Co-operative governance

The Co-operators evolved from the dreams and efforts of like-minded individuals. The co-operative spirit that inspired our founders in 1945 continues to guide the organization today and into the future.

Our co-operative governance structure encourages dialogue, open involvement, democratic decision making and reasonable return on capital.

Democratic structure

Unlike shareholder organizations, The Co-operators Group Limited is 100% democratically controlled and jointly owned by its members. Large or small, each member has an equal vote at the Annual General Meeting.

Our members appoint representatives to regional committees who nominate the board of directors of The Co-operators Group Limited. In this way, our Board of Directors is representative of our diverse membership.

Board of Directors

Our 22-member Board of Directors consists of individuals elected from representatives of our member organizations across Canada. All directors are independent from management and unrelated to the day-to-day operations of the business.

Board mandate

The board’s primary objective is to provide broad direction to the organization. The board directs the activities related to our corporate mission and operates independently from the day-to-day management of the business.
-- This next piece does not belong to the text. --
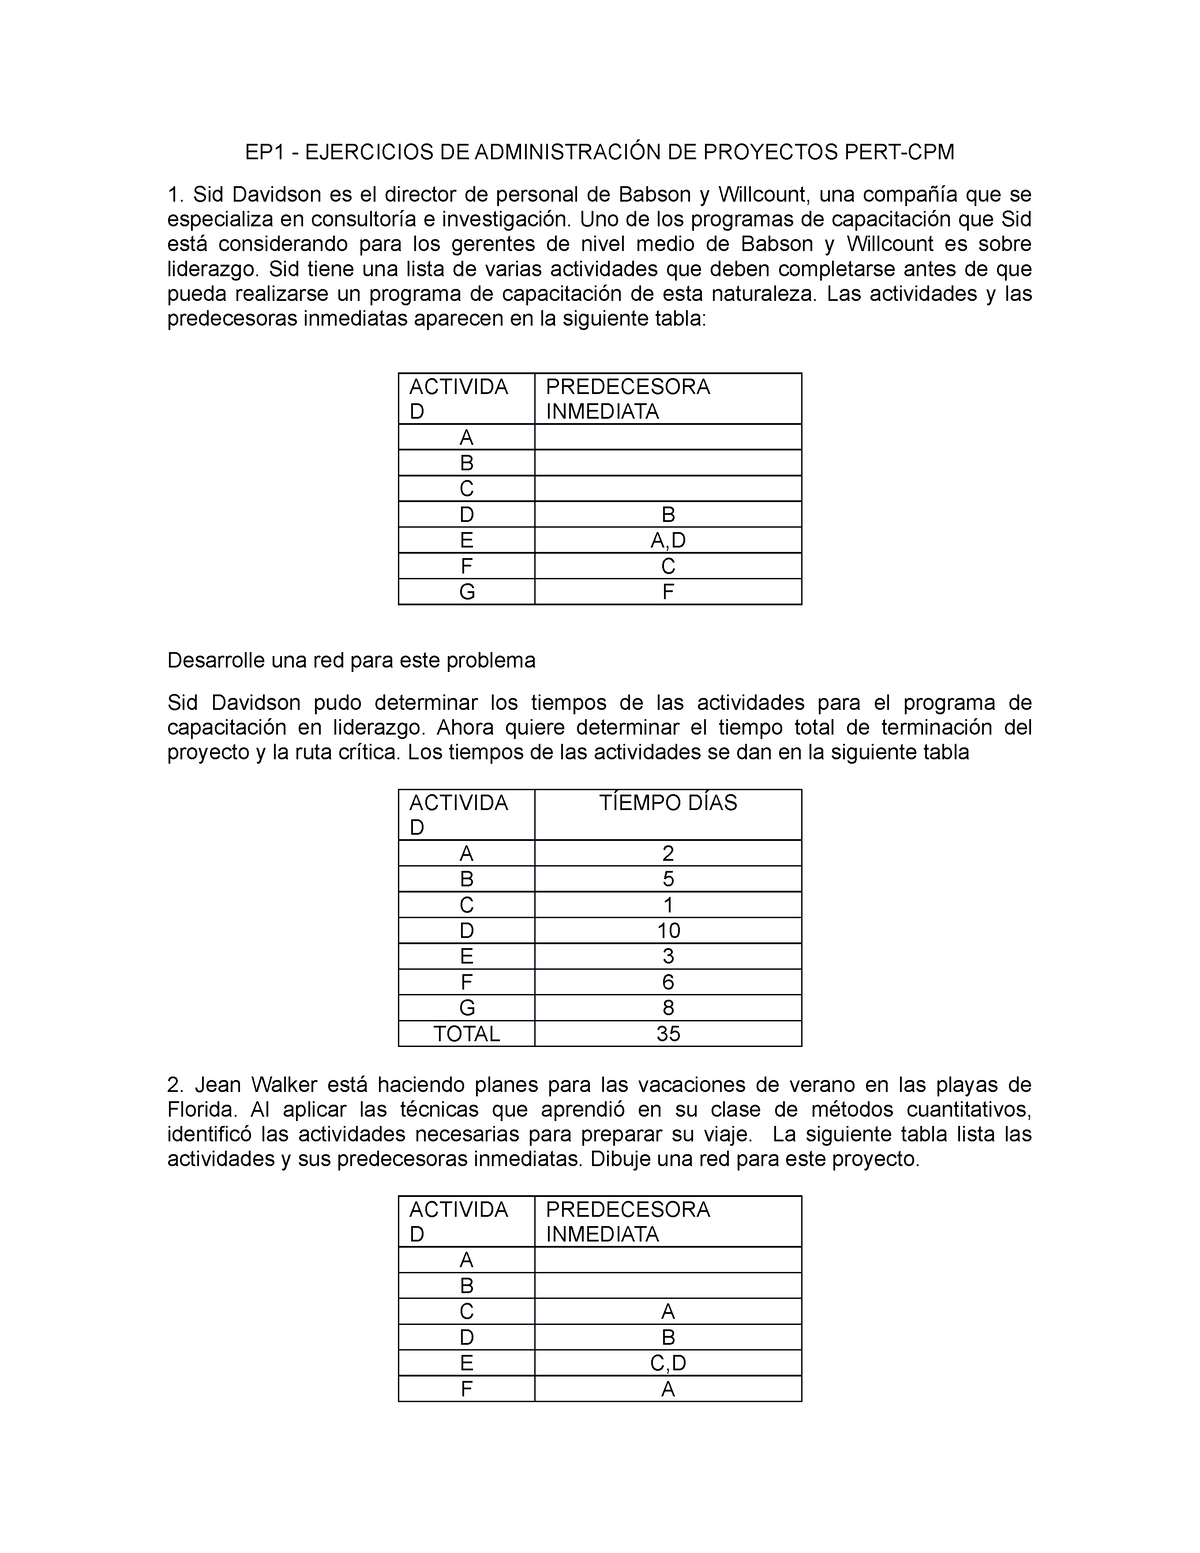 236031760 Ejercicios DE Administracion DE Proyectos PERT docx - EP1 ...
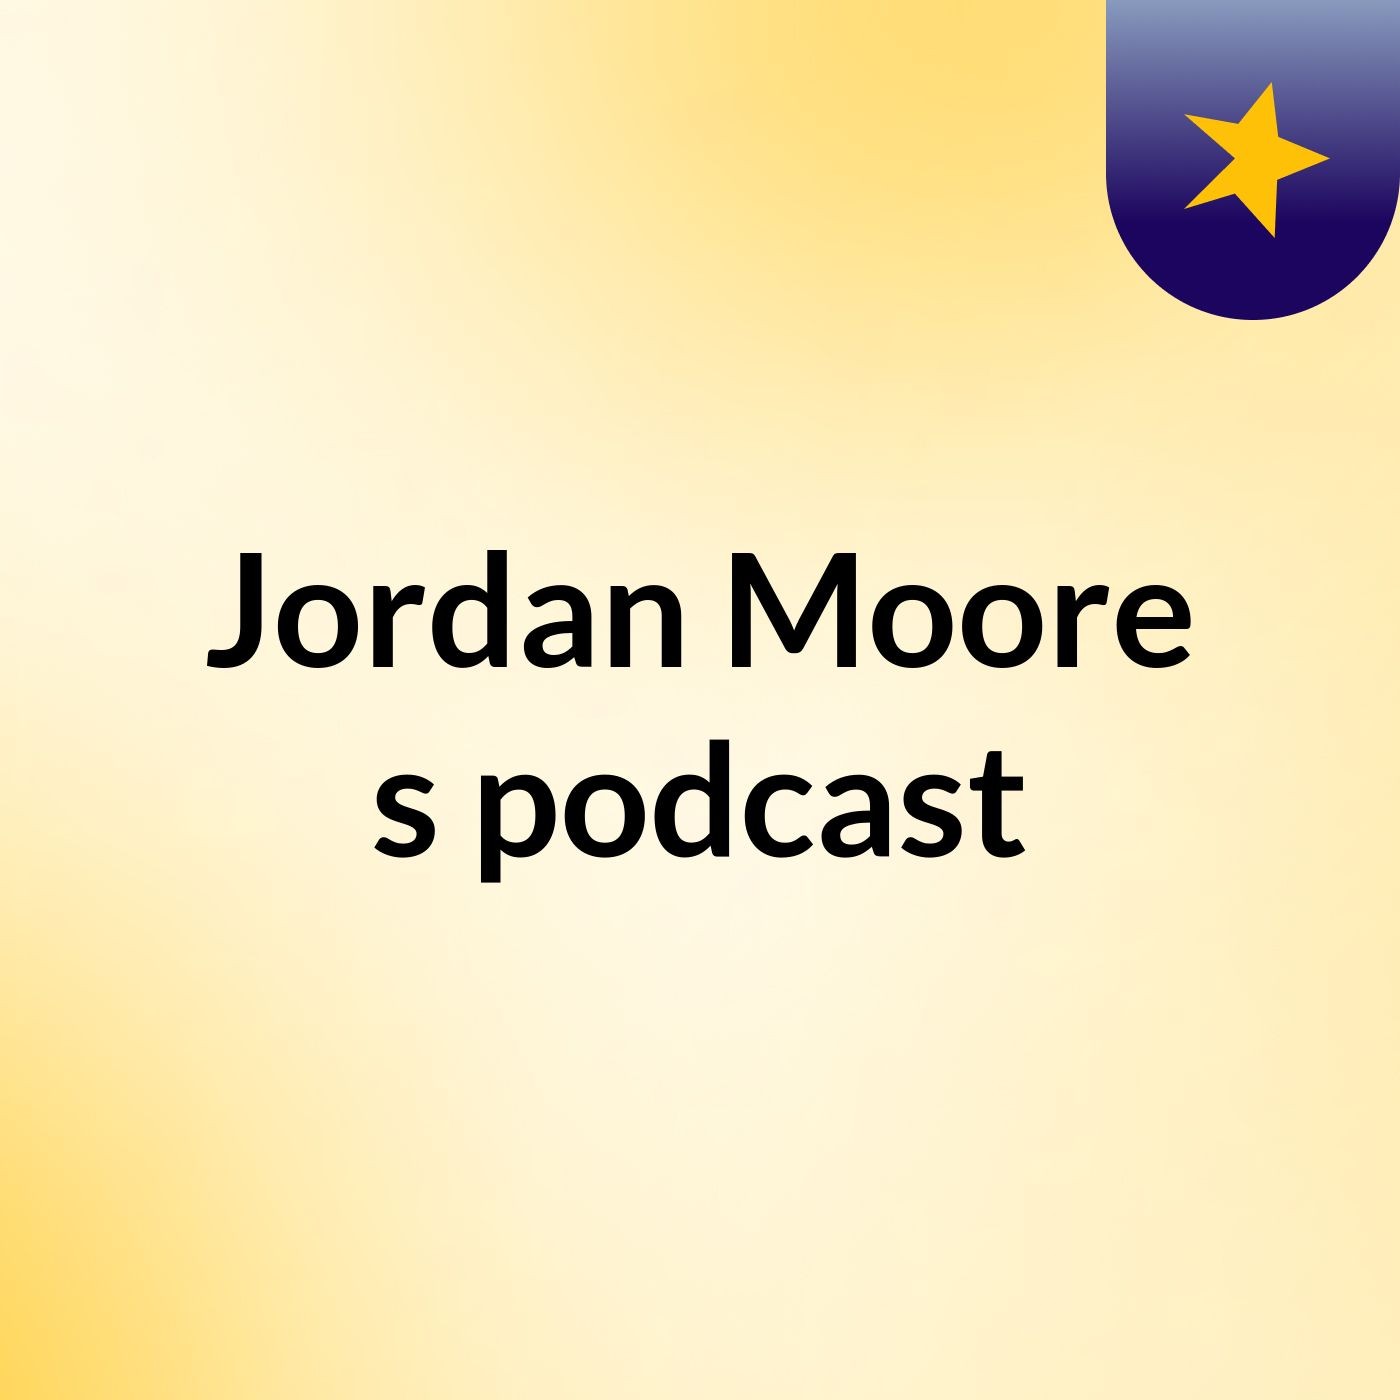 Jordan Moore's podcast

Additionally, board members fulfil roles on standing and ad hoc board committees.

The board is responsible for key governance issues such as:

  • ensuring the organization’s financial viability
  • articulating the mission, vision and values
  • setting the strategic direction and monitoring performance
  • the appointment, selection and performance management of the President and CEO
  • ensuring that The Co-operators maintains a leadership role in the insurance industry and co-operative movement

Management is responsible for the day-to-day guidance and operation of the company. Major decisions, such as significant investment transactions, acquisitions, business arrangements or alliances must be submitted to the board for approval. Each year, the board reviews the financial statements and strategic business plans for the company and regularly monitors its progress in achieving these plans.

Board committees and responsibilities

The following is a brief summary of the key responsibilities of the committees of the board.

The Audit Committee assists the board in fulfilling its oversight of the quality and integrity of the system of internal controls and financial reporting practices of the Company. It plays a liaison role between the internal and external auditors, the board and  management. It evaluates the performance and independence of the internal and external auditors and reviews their audit reports and findings with respect to internal controls, accounting policies and disclosure of company affairs. The committee also has a responsibility to oversee and monitor the compliance of the financial reporting policies and internal control processes that management puts in place, with accounting standards and applicable laws and regulations.

The Corporate Governance and Conduct Review Committee recommends policies and practices to (a) maintain high standards and best practices in corporate and co-operative governance and (b) enhance governance effectiveness through board and director education and performance management programs. On behalf of the board, the committee provides oversight to the Company’s compliance function; carries out responsibilities with respect to the Self-Dealing provisions of the Insurance Companies Act; and deals with any other matters mandated by or arising from the Act, as amended. In addition, it deals with matters involving conflicts of interest and the conduct of related parties to The Co-operators. The committee also reviews and advises management on the board of directors budget.

The Member and Co-operative Relations Committee provides oversight to strategic initiatives that ensure The Co-operators delivers on its goal to be the insurance provider of choice for member and co-operative clients and plays a leadership role in the national and international co-operative communities. The committee oversees member recruitment, admission, eligibility and termination. It also considers membership issues including member engagement, participation and democratic functioning. The committee oversees membership and reviews strategies to advance The Co-operators co-operative identity with its key stakeholders. The committee also has responsibility for The Co-operators Democratic Structure Review process.

The Risk and Compensation Committee oversees our Enterprise Risk Management (ERM) Program and Own Risk and Solvency Assessment process; provides advice on strategic issues linked to our top risks; and discharges the board’s responsibilities in relation to lending and investment programs. The committee ensures that the Company’s responsibilities related to The Co-operators Retirement Plan are fulfilled; develops compensation programs for the Board of Directors and President and CEO, for the board’s approval; administers the CEO compensation and performance management programs; and ensures that effective management succession plans are in place.

The Sustainability and Citizenship Committee provides oversight of the sustainability performance of The Co-operators group of companies. It reviews and recommends policies, strategies and annual plans to advance us toward our sustainability vision, and monitors strategy and policy implementation and stakeholder engagement. The committee advises the board on the sustainability impact of key decisions, as well as emerging sustainability issues, risks and opportunities. It also provides oversight of The Co-operators Foundation programs.